Thin Seng Hon

Personal information
- National team: Cambodia
- Born: April 25, 1986 (age 40) Kampong Cham Province, Cambodia

Sport
- Country: Cambodia
- Sport: Track and field
- Coached by: Phay Sok

Medal record
Women's athletics
Representing Cambodia
ASEAN Para Games
| Silver medal – second place | 2015 Singapore | 200 m T43/44 |

= Thin Seng Hon =

Cambodian athlete (born 1986)

Thin Seng Hon (born 25 April 1986) is a Cambodian athlete, who was the only member of her nation's 2012 Summer Paralympics team. She won a silver medal in the T43/44 200 metres at the 2015 ASEAN Para Games.

==Career==
Thin Seng Hon was born on 25 April 1986. She was born with a right leg defect, with it ending below the knee, and deformities to some of her fingers. To attend school in Kampong Cham Province, Cambodia, Hon needed to walk 4 km on crutches. She stood out in her village as she was the only person with a disability, and was bullied at school because she was different. She was bought her first prosthetic at the age of eight.

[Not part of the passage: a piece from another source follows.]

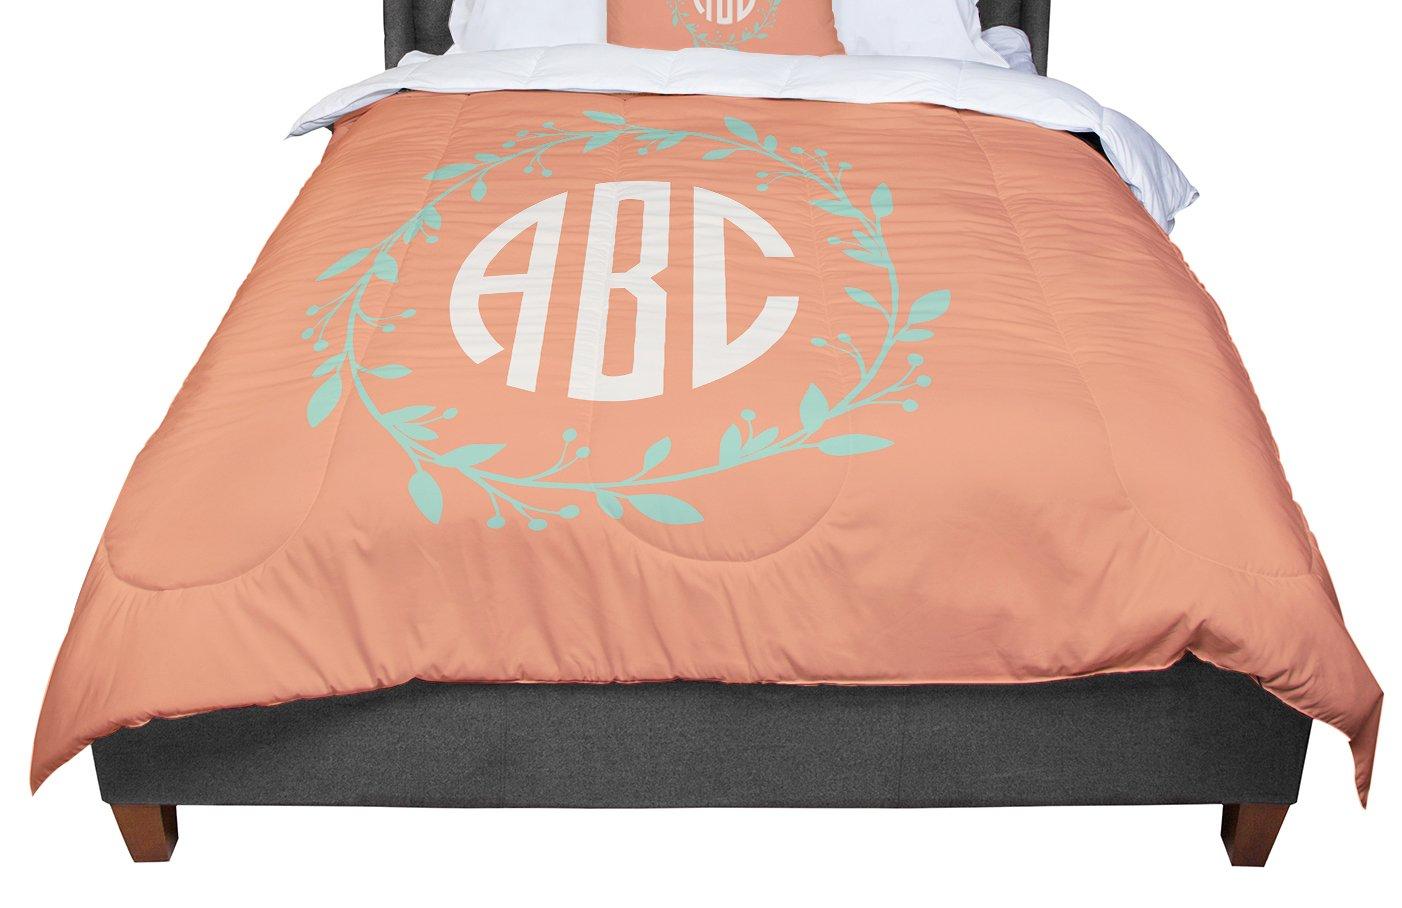 Cal King Comforter KESS InHouse KESS Original Classic Orange Wreath Monogram Green Illustration King 104 X 88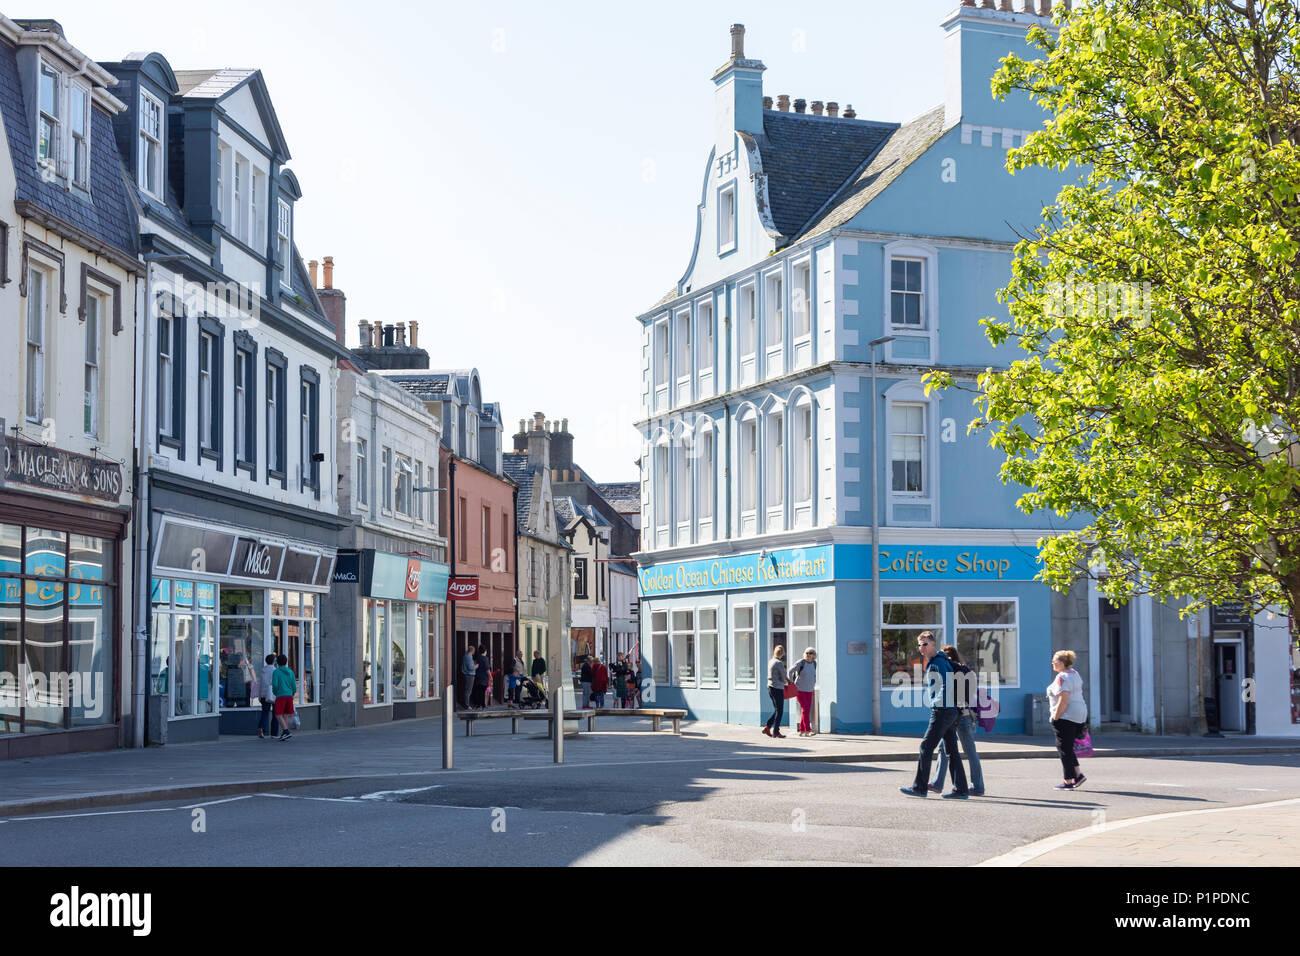 Pedestrianised Cromwell Street, Stornoway, Isle of Lewis, Outer Hebrides, Scotland, United Kingdom - Stock Image

She began learning English at 18, and afterwards moved to Phnom Penh away from her village and family. She took up sports in 2005 after seeing an advert asking for disabled athletes. She was the fastest in the 100 metres, and was drafted into the national team. After taking part without proper equipment at the 2005 ASEAN Para Games, she gave up the sport. Her friends purchased her a running blade, which meant she started running again, competing at the 2010 Asian Para Games.

Hon was the only member of Cambodian team for the 2012 Summer Paralympics, leading to criticism in the media as Cambodia has one of the highest proportions of disabled people worldwide at 8.9%. In previous years, the International Paralympic Committee had granted two wildcard places at the Paralympics to Cambodia, but for 2012 this was reduced to a place for a single woman. Hon's trainer, Phay Sok was frustrated at the level of equipment available to other nations.

At the 2015 ASEAN Para Games in Singapore, Hon took part in both the T43/44 100 metres and the 200 metres. Although she took the lead initially in the 200 metres, she finished in fourth position. In the 100 metres, she took second place and the silver medal. She was running on blades designed for long-distance running rather than sprinting.

==Personal life==
In 2011, Hon moved to Melbourne, Australia, where she has permanent residency. She works at an orchid nursery.